Your goal:
Your copy should match the listing below word for word, with no images in it.

Data:
Segment Open

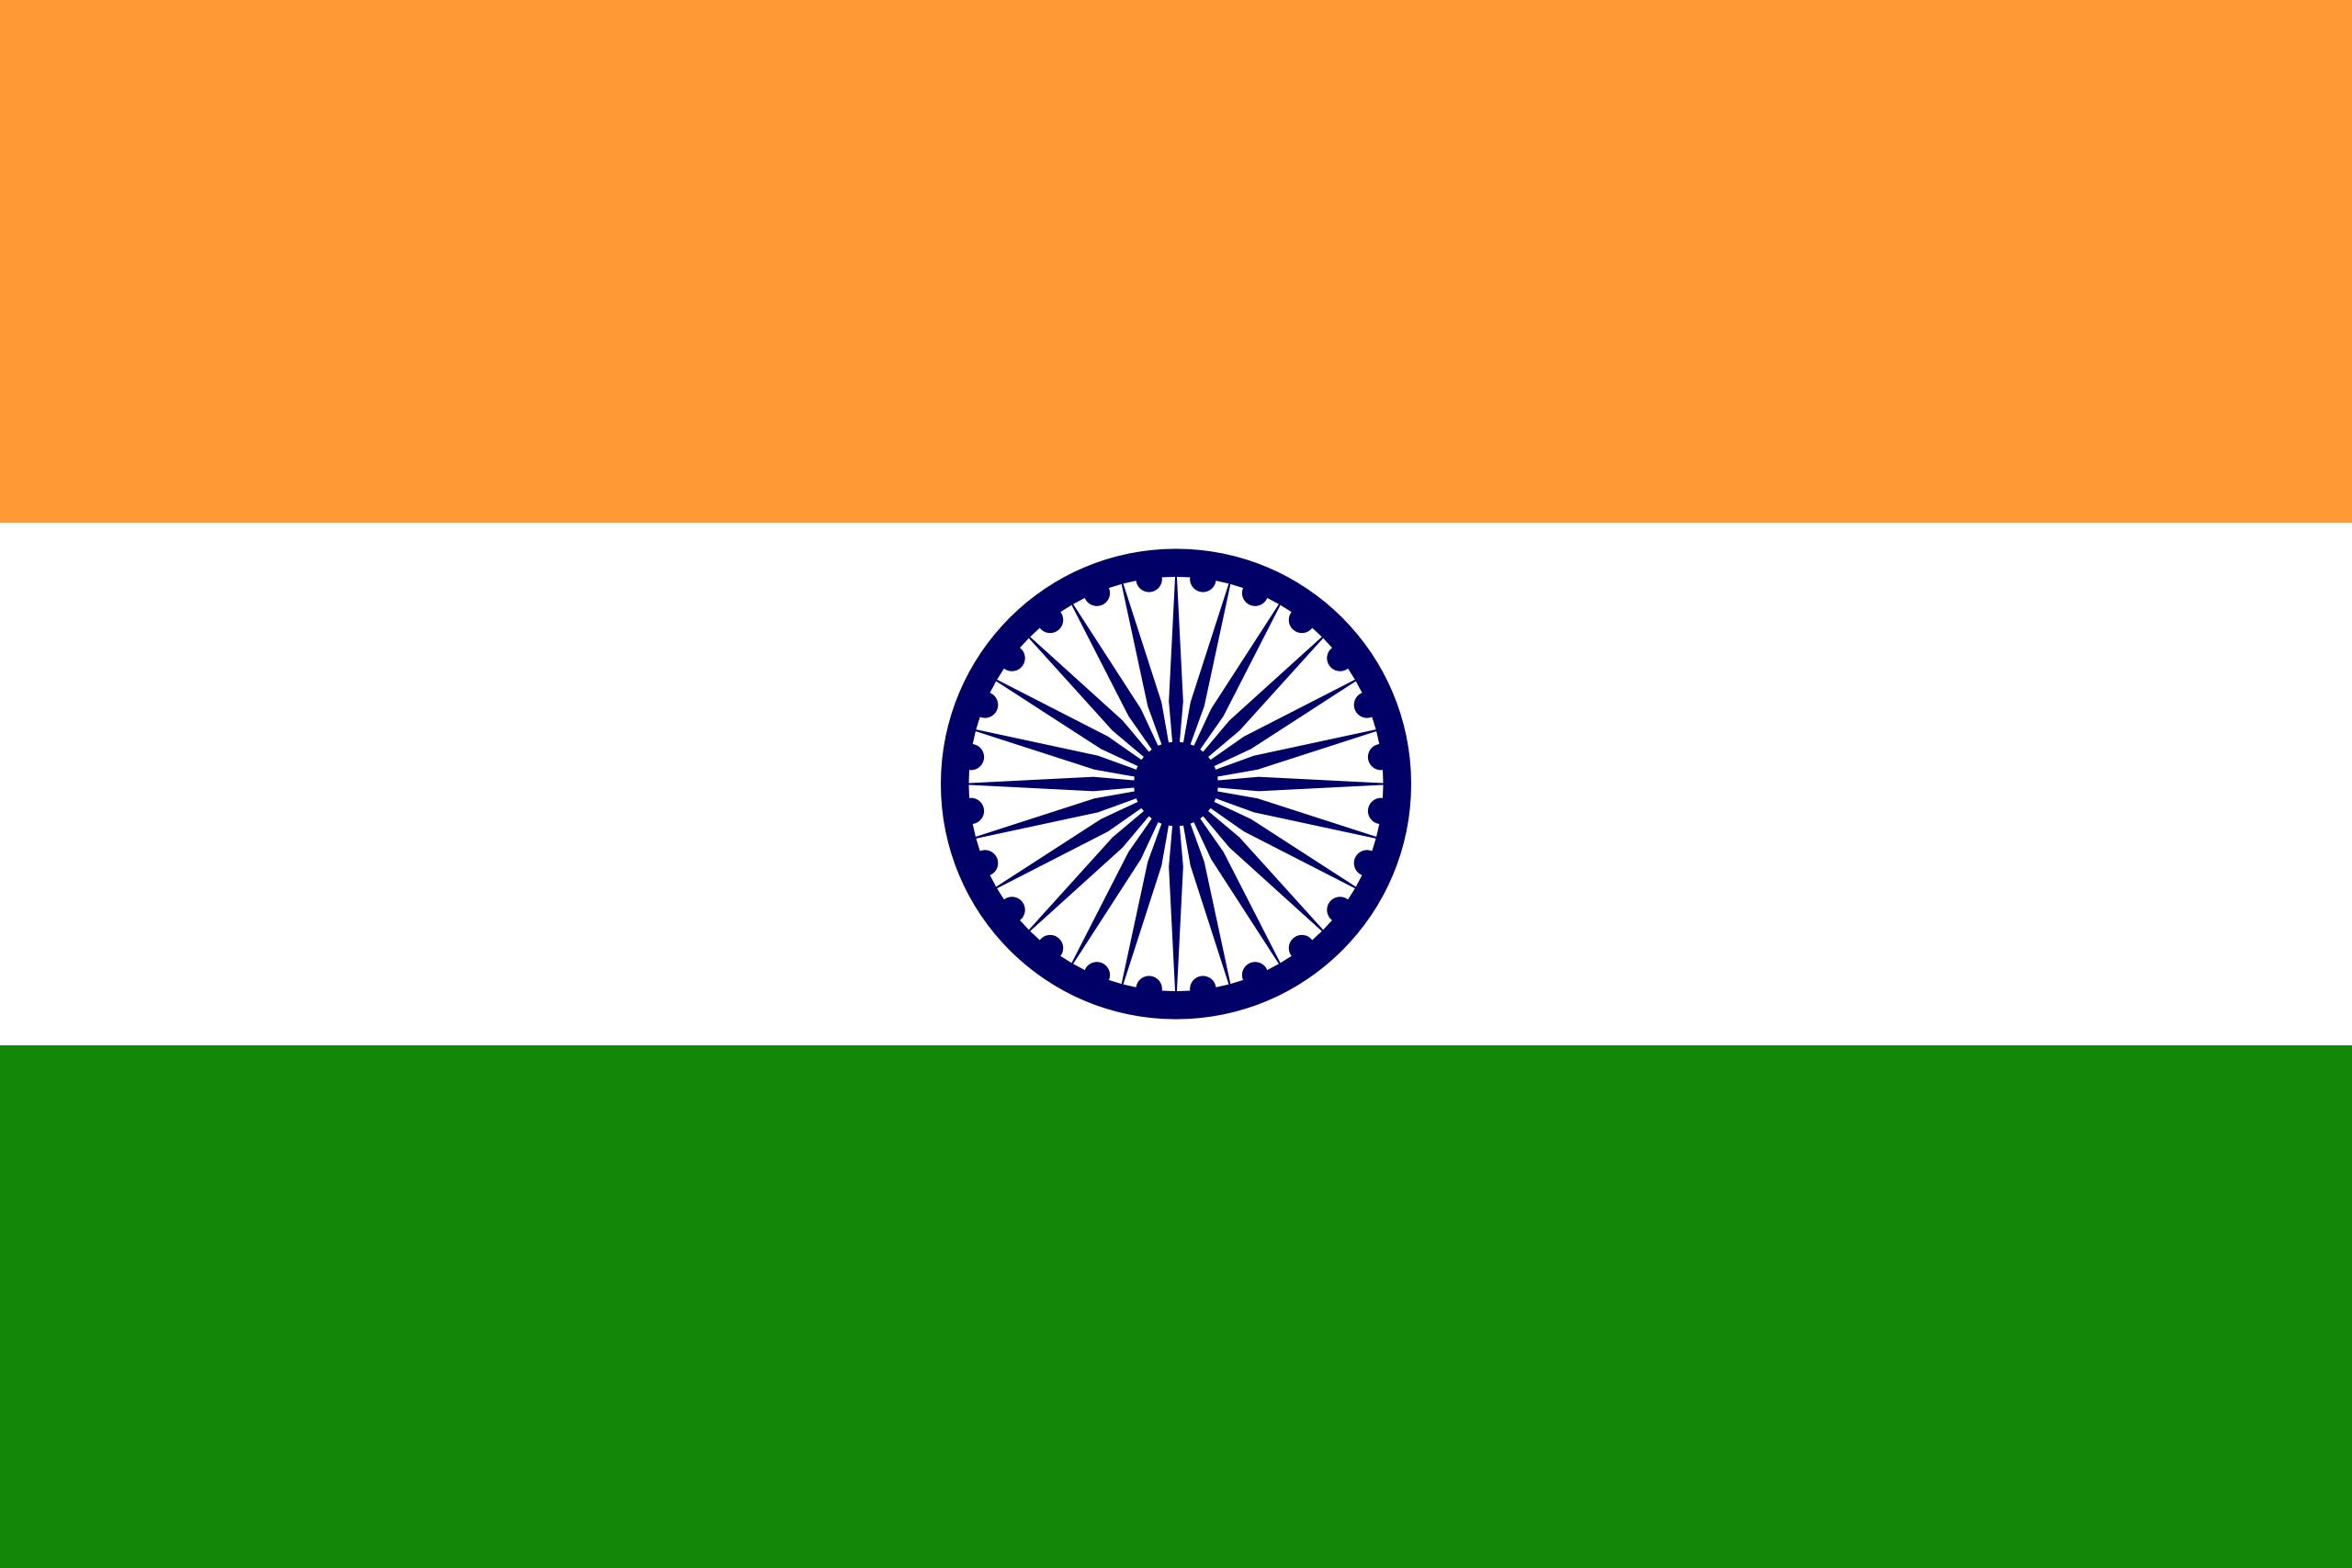 インド, país, emblema, insignia, シンボル - HD の壁紙 - 教授-falken.com
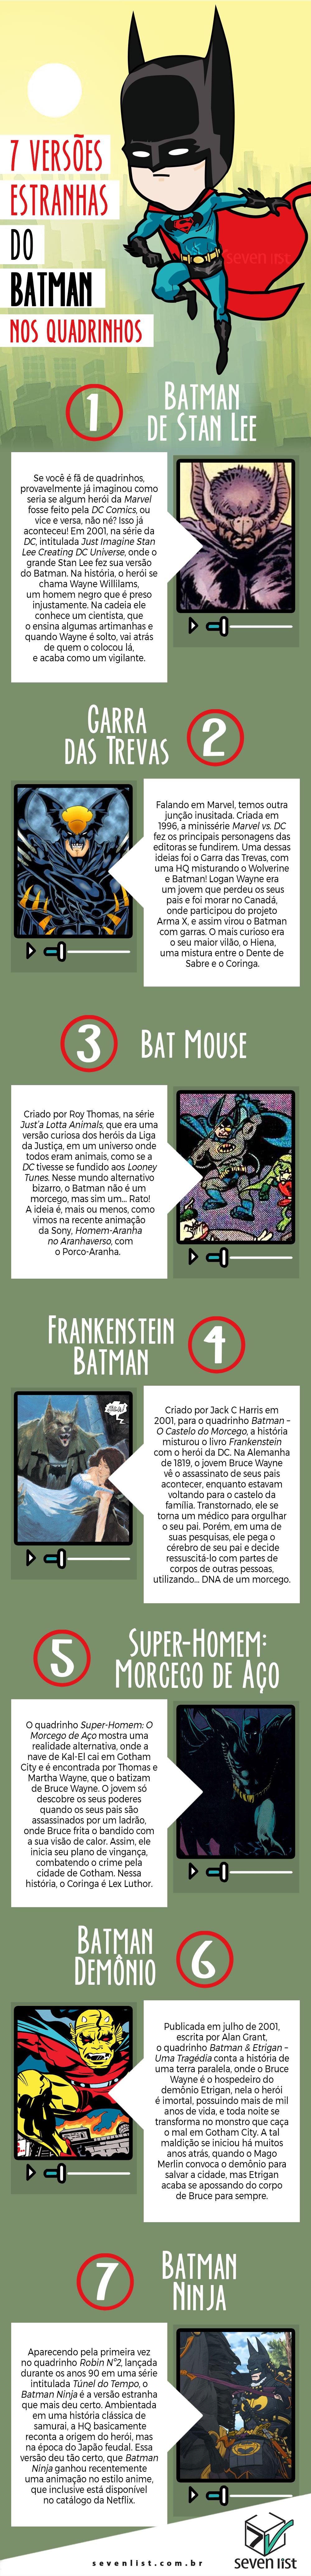 7 VERSÕES ESTRANHAS DO BATMAN NOS QUADRINHOS - DC COMICS - SEVEN LIST
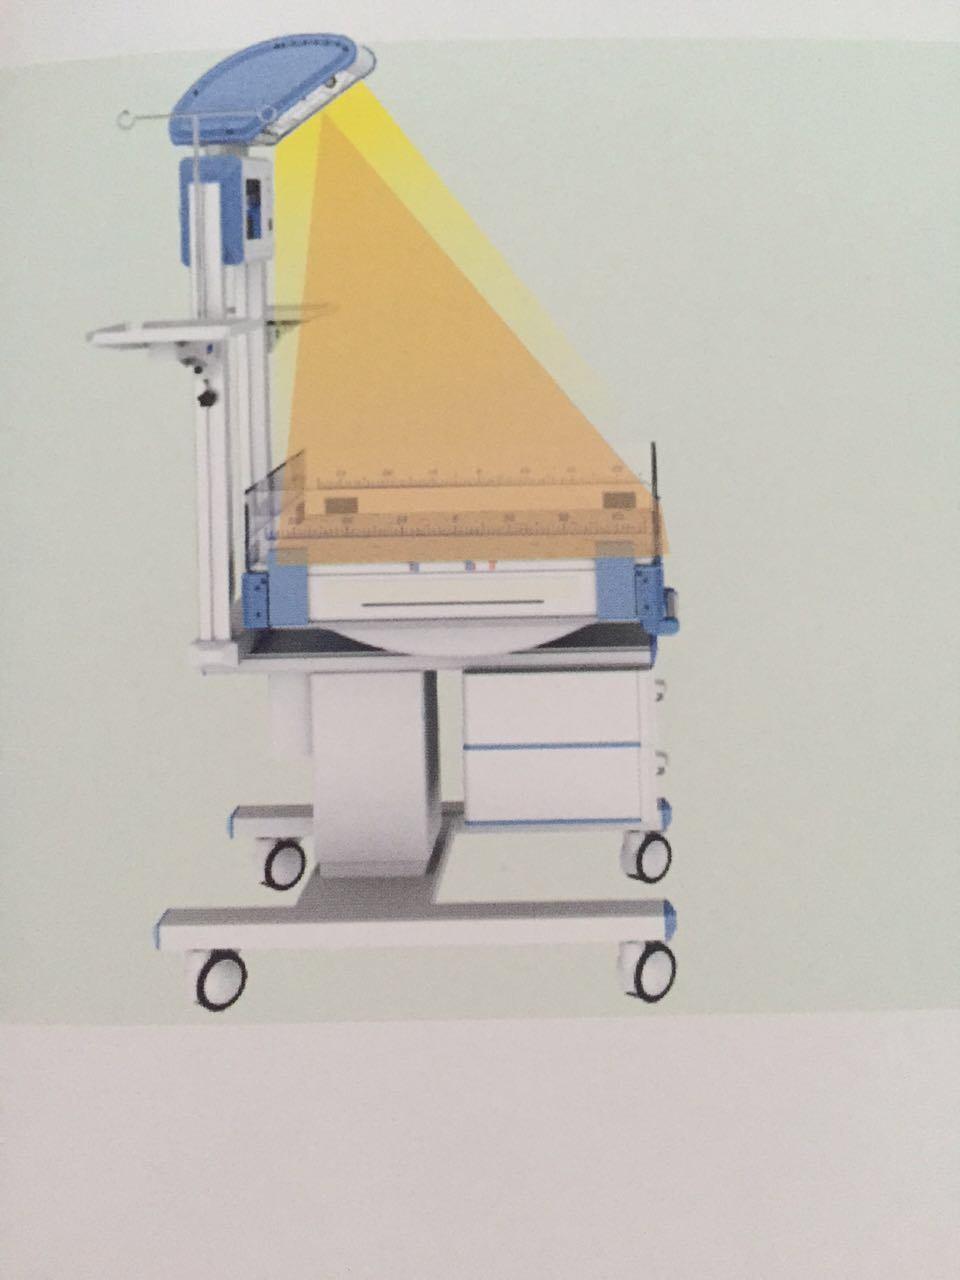 Baby Neonate Infant Radiant Warmer (SC-BN200)

Segment Closed

The answer:
 インド, país, emblema, insignia, シンボル - HD の壁紙 - 教授-falken.com
 7 VERSÕES ESTRANHAS DO BATMAN NOS QUADRINHOS - DC COMICS - SEVEN LIST
 Baby Neonate Infant Radiant Warmer (SC-BN200)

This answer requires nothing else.